If a line comes after the one containing "Sea turtle giving", leave it out; copy every line before it, and that line too, exactly as written, starting from the first line of the entries.

[Data excerpts]
^^^^
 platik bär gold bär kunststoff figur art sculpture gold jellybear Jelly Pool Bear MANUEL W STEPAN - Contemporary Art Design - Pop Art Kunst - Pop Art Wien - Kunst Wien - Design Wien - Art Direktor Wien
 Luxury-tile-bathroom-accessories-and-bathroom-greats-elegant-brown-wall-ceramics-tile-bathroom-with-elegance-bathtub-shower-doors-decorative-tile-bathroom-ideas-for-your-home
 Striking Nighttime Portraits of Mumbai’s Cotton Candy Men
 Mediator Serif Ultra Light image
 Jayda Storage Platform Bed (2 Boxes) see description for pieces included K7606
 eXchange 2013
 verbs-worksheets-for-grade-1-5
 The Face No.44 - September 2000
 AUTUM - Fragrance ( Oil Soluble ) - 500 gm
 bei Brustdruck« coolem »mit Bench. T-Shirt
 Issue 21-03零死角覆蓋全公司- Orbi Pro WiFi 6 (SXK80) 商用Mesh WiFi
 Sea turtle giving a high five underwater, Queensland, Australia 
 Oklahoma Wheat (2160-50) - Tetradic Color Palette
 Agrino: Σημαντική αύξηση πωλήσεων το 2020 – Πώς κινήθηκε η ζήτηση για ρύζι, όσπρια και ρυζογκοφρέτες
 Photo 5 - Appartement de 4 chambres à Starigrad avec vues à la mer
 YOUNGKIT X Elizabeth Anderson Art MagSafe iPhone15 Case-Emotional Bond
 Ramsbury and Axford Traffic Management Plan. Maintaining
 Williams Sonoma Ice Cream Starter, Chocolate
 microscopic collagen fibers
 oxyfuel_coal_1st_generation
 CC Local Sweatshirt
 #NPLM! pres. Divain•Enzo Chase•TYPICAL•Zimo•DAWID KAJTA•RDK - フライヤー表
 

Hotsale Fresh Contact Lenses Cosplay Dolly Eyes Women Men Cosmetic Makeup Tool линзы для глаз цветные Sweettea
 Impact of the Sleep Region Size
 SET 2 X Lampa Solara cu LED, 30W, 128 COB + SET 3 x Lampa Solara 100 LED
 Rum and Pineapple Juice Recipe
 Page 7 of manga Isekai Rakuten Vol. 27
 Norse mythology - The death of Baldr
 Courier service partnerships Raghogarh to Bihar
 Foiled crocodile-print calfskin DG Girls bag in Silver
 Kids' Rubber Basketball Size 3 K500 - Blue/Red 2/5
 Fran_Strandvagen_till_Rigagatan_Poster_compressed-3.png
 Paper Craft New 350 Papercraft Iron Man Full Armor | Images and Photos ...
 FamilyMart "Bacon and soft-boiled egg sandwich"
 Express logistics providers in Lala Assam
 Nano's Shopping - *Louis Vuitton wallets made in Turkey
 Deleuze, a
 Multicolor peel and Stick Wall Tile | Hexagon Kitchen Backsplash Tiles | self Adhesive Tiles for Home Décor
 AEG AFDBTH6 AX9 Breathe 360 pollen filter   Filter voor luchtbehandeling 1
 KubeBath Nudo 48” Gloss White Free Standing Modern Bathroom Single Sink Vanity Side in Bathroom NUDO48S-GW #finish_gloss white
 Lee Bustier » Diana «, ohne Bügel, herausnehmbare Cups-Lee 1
^^^^
#### [PROBLEM SOLUTION]
 platik bär gold bär kunststoff figur art sculpture gold jellybear Jelly Pool Bear MANUEL W STEPAN - Contemporary Art Design - Pop Art Kunst - Pop Art Wien - Kunst Wien - Design Wien - Art Direktor Wien
 Luxury-tile-bathroom-accessories-and-bathroom-greats-elegant-brown-wall-ceramics-tile-bathroom-with-elegance-bathtub-shower-doors-decorative-tile-bathroom-ideas-for-your-home
 Striking Nighttime Portraits of Mumbai’s Cotton Candy Men
 Mediator Serif Ultra Light image
 Jayda Storage Platform Bed (2 Boxes) see description for pieces included K7606
 eXchange 2013
 verbs-worksheets-for-grade-1-5
 The Face No.44 - September 2000
 AUTUM - Fragrance ( Oil Soluble ) - 500 gm
 bei Brustdruck« coolem »mit Bench. T-Shirt
 Issue 21-03零死角覆蓋全公司- Orbi Pro WiFi 6 (SXK80) 商用Mesh WiFi
 Sea turtle giving a high five underwater, Queensland, Australia 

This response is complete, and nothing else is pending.